### Work to be completed
Report every line of the records below that includes the string "best".

### Input data
== Segment start ==

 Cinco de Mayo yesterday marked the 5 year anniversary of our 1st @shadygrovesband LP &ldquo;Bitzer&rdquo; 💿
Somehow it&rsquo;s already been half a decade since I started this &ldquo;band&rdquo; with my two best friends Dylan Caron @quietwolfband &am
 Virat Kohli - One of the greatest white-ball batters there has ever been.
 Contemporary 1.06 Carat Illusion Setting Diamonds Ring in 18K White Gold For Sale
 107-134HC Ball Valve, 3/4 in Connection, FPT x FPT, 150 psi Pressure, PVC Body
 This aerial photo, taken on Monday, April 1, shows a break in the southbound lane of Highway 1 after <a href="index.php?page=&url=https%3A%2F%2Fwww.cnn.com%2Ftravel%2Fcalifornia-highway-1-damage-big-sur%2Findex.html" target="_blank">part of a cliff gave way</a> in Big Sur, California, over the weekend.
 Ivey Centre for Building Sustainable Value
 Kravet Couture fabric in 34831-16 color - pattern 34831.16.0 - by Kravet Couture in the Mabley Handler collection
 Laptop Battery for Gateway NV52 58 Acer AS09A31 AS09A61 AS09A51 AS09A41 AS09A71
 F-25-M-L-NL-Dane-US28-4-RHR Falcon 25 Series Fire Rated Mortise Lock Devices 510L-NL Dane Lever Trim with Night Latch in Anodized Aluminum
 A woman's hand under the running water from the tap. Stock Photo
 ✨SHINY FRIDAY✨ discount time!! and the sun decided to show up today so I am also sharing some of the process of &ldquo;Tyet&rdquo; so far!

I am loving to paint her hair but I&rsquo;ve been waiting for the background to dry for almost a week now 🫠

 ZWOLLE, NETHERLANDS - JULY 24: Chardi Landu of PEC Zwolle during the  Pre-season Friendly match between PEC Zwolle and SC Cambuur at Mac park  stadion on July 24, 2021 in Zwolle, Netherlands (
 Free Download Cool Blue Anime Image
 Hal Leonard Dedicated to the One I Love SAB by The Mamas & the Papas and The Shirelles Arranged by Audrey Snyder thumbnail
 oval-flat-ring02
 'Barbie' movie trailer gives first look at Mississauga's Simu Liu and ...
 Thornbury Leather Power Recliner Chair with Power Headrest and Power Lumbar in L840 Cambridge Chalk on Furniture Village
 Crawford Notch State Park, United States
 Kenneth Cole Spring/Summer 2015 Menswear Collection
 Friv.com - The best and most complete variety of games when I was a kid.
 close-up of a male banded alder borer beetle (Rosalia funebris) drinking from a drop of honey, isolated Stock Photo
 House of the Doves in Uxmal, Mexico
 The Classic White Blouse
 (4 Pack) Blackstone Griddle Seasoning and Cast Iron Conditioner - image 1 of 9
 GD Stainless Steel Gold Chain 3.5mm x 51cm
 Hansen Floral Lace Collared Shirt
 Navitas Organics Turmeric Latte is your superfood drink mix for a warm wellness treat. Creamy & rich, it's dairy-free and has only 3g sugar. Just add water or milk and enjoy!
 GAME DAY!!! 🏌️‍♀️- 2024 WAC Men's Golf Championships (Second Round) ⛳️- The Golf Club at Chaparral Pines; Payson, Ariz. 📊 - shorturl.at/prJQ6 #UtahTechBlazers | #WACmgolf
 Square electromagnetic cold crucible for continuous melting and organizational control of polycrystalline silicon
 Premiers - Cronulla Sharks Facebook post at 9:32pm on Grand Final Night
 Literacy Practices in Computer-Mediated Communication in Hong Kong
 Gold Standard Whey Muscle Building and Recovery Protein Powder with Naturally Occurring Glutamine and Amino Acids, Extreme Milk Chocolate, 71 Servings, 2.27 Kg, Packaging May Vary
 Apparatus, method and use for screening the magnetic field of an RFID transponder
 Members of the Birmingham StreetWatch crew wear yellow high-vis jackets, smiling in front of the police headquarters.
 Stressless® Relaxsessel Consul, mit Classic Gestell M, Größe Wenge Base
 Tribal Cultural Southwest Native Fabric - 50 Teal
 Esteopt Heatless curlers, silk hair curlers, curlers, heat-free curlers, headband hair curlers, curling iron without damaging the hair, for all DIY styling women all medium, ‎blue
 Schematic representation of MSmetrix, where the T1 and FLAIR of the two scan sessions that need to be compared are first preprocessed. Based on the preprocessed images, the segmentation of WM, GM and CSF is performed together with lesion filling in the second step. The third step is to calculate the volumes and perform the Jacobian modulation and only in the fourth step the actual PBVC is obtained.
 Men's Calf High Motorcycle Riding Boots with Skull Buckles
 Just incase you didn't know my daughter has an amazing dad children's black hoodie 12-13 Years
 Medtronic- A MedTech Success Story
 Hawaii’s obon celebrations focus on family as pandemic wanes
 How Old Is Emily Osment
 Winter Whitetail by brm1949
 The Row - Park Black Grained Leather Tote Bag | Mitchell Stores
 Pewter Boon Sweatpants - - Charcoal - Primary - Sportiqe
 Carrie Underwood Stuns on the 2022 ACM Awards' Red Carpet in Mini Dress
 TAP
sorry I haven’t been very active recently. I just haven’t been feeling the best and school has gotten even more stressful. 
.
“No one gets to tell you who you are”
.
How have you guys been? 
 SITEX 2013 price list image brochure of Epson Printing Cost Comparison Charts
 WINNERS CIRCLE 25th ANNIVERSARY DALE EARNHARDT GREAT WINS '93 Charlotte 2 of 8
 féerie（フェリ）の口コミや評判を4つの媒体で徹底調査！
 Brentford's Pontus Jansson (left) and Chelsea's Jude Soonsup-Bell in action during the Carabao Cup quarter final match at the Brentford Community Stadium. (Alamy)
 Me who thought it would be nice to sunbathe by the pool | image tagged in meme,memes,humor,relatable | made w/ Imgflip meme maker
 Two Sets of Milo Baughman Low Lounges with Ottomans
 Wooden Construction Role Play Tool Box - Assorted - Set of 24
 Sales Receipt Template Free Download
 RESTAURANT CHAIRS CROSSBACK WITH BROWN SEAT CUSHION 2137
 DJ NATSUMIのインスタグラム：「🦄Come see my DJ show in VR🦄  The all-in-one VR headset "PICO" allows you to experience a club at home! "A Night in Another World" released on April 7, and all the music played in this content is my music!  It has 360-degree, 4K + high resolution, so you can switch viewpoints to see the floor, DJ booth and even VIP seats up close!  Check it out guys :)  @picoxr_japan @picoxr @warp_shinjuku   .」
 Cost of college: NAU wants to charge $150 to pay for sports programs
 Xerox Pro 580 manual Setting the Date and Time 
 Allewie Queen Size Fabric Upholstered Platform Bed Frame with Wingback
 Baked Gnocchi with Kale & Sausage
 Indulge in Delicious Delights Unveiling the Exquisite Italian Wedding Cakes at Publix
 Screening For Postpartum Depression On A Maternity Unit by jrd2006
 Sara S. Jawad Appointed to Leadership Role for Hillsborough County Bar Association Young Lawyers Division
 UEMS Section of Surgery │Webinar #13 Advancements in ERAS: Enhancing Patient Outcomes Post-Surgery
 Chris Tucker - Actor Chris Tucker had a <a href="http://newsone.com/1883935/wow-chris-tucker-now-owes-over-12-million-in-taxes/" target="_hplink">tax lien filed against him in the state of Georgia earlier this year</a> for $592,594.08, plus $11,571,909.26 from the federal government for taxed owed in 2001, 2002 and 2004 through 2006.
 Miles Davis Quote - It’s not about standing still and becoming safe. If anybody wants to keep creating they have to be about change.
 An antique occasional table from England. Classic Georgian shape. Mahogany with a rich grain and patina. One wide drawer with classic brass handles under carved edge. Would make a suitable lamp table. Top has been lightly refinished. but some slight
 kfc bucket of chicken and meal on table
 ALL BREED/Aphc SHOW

== Segment end ==

### Response box
Somehow it&rsquo;s already been half a decade since I started this &ldquo;band&rdquo; with my two best friends Dylan Caron @quietwolfband &am
 Friv.com - The best and most complete variety of games when I was a kid.
sorry I haven’t been very active recently. I just haven’t been feeling the best and school has gotten even more stressful. 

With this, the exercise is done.